Lins=-∑i,j[DilogD2(pi,j)+(1-Di)log(1-D2(pi,j))] (7)
Compared with the prior art, the invention has the beneficial effects that:
(1) in the local feature alignment process, by the method of firstly finding the central point of the feature region and then positioning the feature region, the condition that excessive background noise is introduced due to low accuracy of the feature candidate region at the early stage of training is avoided, and the adverse effect of the background noise on feature alignment is reduced;
(2) in the local feature alignment process, feature alignment is carried out on the foreground target feature region according to the classification, so that the fine granularity of the algorithm is improved, the inter-domain difference of the foreground target features of the same class is further reduced, and the feature alignment effect is enhanced.
Drawings
FIG. 1 is a diagram: and the performance of the target detection algorithm is reduced under the condition of inter-domain difference.
FIG. 2 is a diagram of: and (3) a schematic diagram of a target detection algorithm based on two-stage feature alignment.
FIG. 3 is a diagram of: the feature region center points before clustering illustrate the intent.

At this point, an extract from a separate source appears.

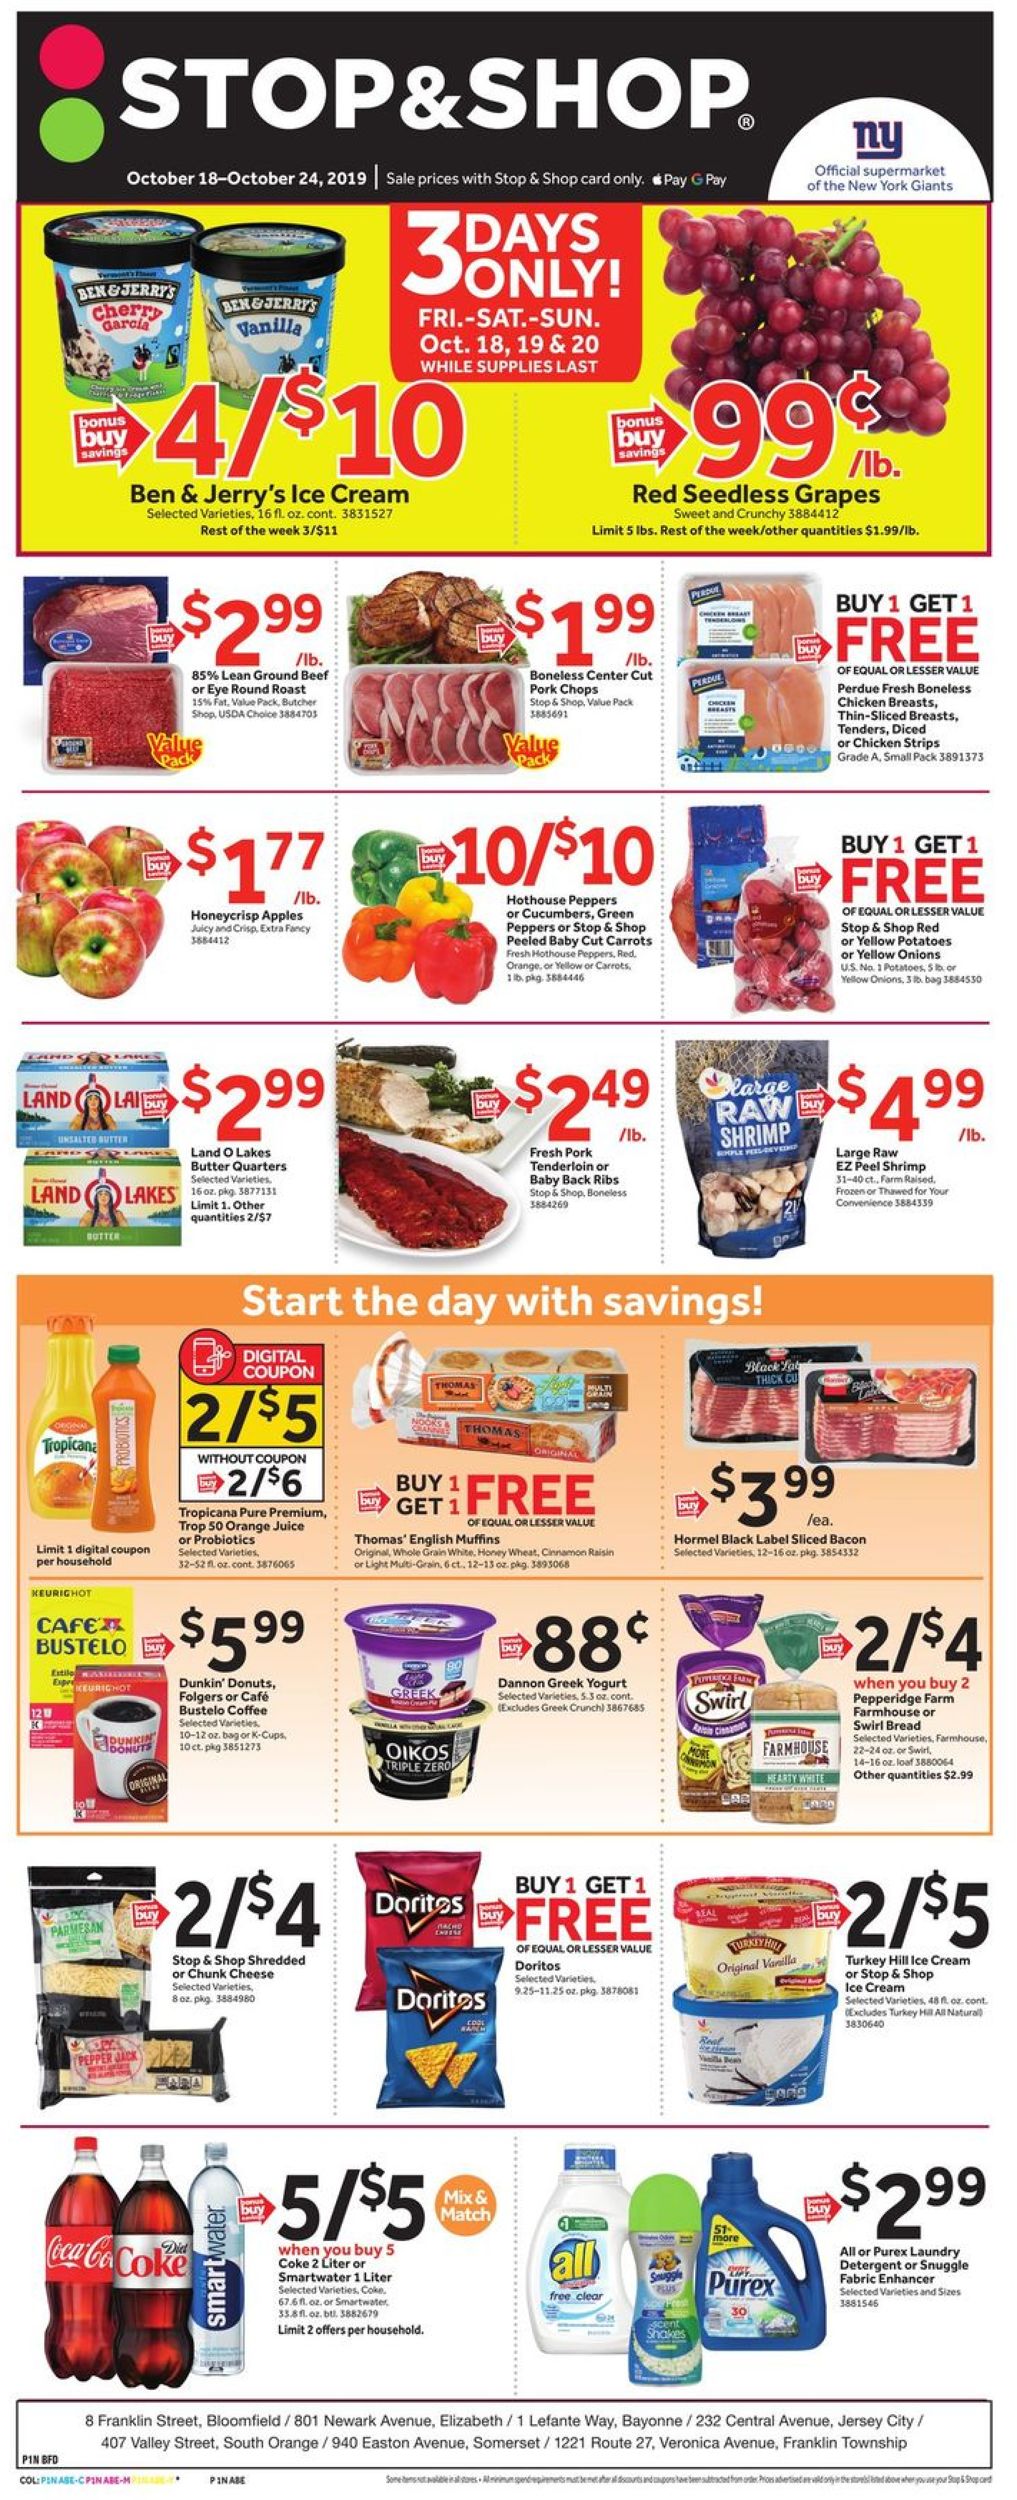 Stop and Shop Current weekly ad 10/18 - 10/24/2019 - frequent-ads.com

FIG. 4 is a diagram of: the feature region center points after clustering illustrate the intent.
FIG. 5 is a diagram: the standard area features after background suppression illustrate the intent.
FIG. 6 is a diagram of: domain classifier D1And (4) a network structure schematic diagram.
Detailed Description
The invention is further described below with reference to the accompanying drawings.
First, a structure diagram of a target detection algorithm based on two-stage local feature alignment is shown in fig. 2. The method is divided into a Faster R-CNN module and a two-stage feature alignment module, wherein the first stage feature alignment of the two-stage feature alignment is applied to the front 5 training periods, and the second stage feature alignment is applied to the rear 15 training periods. The Faster R-CNN module participates in the whole training process, and the feature extraction network adopts VGG16 and comprises 13 convolutional layers and 5 pooling layers.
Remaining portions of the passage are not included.